→ **PROMPT**
Look below for the line holding "再生アーティファクト解明Klorane Magnolia Wax" and the line holding "6054 Newport Village". Transcribe exactly those lines and all lines between them, nothing more.

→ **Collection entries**
-- Opening Marker --

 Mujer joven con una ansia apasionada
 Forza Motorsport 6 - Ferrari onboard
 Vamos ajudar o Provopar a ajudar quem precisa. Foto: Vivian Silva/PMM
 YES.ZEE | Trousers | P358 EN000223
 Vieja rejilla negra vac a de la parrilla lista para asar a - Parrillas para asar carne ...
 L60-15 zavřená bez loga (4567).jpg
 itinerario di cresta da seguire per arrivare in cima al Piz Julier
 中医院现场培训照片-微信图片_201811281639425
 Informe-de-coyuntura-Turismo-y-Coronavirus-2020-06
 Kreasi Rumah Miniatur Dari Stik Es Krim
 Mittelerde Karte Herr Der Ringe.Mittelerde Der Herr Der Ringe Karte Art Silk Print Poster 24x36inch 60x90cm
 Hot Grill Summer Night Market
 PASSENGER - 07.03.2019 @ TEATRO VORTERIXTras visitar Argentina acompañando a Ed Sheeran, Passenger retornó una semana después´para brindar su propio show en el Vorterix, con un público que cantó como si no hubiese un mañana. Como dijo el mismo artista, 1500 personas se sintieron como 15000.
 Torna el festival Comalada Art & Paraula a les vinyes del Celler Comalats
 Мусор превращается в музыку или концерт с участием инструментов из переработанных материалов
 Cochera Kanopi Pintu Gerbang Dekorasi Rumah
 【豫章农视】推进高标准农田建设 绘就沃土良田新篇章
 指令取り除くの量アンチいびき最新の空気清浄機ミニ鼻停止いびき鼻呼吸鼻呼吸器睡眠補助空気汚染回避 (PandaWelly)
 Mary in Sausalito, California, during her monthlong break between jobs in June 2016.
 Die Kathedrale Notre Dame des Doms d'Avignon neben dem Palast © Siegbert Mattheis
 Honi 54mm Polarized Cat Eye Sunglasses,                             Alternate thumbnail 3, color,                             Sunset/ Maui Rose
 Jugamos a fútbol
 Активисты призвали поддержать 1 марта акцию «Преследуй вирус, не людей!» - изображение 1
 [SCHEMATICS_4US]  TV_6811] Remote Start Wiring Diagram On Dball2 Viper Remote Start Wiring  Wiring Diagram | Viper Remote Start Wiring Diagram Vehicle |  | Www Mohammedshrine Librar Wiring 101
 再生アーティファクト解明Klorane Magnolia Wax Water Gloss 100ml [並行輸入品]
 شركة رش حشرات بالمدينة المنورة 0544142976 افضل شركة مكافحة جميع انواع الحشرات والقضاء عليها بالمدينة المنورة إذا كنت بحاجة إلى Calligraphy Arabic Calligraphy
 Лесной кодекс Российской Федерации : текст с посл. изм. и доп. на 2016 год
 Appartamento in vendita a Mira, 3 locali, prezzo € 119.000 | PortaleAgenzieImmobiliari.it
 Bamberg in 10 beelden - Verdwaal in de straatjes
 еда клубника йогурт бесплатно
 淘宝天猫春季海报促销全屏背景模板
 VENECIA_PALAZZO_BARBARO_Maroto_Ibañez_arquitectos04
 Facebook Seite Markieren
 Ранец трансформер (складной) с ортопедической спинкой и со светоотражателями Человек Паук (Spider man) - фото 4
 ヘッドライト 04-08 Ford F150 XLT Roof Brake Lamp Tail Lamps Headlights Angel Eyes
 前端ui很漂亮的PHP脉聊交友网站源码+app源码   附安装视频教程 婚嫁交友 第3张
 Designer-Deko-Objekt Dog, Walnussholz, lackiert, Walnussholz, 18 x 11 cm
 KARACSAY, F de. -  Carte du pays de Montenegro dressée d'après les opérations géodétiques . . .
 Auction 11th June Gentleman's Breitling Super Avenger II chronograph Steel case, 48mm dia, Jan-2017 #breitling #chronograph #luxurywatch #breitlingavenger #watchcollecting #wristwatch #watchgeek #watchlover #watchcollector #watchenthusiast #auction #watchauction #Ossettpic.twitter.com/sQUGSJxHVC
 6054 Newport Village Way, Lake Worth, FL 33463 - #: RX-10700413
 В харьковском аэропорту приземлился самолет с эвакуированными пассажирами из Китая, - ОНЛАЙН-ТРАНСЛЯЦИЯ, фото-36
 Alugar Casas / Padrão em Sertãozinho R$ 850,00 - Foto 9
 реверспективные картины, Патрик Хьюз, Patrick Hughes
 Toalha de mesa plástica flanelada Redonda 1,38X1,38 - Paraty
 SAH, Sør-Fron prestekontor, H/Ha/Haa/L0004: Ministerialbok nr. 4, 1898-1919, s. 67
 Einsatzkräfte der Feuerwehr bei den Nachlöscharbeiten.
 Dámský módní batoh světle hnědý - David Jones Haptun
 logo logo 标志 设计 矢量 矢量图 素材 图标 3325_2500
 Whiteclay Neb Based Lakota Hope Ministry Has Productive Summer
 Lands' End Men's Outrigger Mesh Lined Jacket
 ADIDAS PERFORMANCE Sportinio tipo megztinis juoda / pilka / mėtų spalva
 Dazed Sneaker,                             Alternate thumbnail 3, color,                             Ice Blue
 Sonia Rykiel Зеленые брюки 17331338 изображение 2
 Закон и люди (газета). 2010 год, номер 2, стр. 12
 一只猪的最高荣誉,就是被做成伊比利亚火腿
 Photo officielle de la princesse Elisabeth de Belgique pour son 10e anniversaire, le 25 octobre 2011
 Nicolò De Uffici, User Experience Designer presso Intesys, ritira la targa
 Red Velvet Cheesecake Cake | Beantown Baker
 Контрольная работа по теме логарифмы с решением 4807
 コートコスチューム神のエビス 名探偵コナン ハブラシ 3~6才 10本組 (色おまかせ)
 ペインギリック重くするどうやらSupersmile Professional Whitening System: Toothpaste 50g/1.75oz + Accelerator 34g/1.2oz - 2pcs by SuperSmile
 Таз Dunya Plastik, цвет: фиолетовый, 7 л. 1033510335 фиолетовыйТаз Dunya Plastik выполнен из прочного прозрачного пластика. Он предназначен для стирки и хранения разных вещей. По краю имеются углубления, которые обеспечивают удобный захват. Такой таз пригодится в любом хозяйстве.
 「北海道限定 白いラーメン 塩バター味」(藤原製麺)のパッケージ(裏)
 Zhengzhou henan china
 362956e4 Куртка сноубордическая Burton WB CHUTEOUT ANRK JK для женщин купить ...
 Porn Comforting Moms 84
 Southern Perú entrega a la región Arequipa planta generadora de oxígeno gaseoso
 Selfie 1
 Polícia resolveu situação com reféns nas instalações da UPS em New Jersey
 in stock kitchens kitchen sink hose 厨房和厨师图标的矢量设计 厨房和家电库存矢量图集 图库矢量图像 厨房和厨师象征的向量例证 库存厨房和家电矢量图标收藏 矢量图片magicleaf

-- Closing Marker --

→ **ANSWER FOR THE TASK**
 再生アーティファクト解明Klorane Magnolia Wax Water Gloss 100ml [並行輸入品]
 شركة رش حشرات بالمدينة المنورة 0544142976 افضل شركة مكافحة جميع انواع الحشرات والقضاء عليها بالمدينة المنورة إذا كنت بحاجة إلى Calligraphy Arabic Calligraphy
 Лесной кодекс Российской Федерации : текст с посл. изм. и доп. на 2016 год
 Appartamento in vendita a Mira, 3 locali, prezzo € 119.000 | PortaleAgenzieImmobiliari.it
 Bamberg in 10 beelden - Verdwaal in de straatjes
 еда клубника йогурт бесплатно
 淘宝天猫春季海报促销全屏背景模板
 VENECIA_PALAZZO_BARBARO_Maroto_Ibañez_arquitectos04
 Facebook Seite Markieren
 Ранец трансформер (складной) с ортопедической спинкой и со светоотражателями Человек Паук (Spider man) - фото 4
 ヘッドライト 04-08 Ford F150 XLT Roof Brake Lamp Tail Lamps Headlights Angel Eyes
 前端ui很漂亮的PHP脉聊交友网站源码+app源码   附安装视频教程 婚嫁交友 第3张
 Designer-Deko-Objekt Dog, Walnussholz, lackiert, Walnussholz, 18 x 11 cm
 KARACSAY, F de. -  Carte du pays de Montenegro dressée d'après les opérations géodétiques . . .
 Auction 11th June Gentleman's Breitling Super Avenger II chronograph Steel case, 48mm dia, Jan-2017 #breitling #chronograph #luxurywatch #breitlingavenger #watchcollecting #wristwatch #watchgeek #watchlover #watchcollector #watchenthusiast #auction #watchauction #Ossettpic.twitter.com/sQUGSJxHVC
 6054 Newport Village Way, Lake Worth, FL 33463 - #: RX-10700413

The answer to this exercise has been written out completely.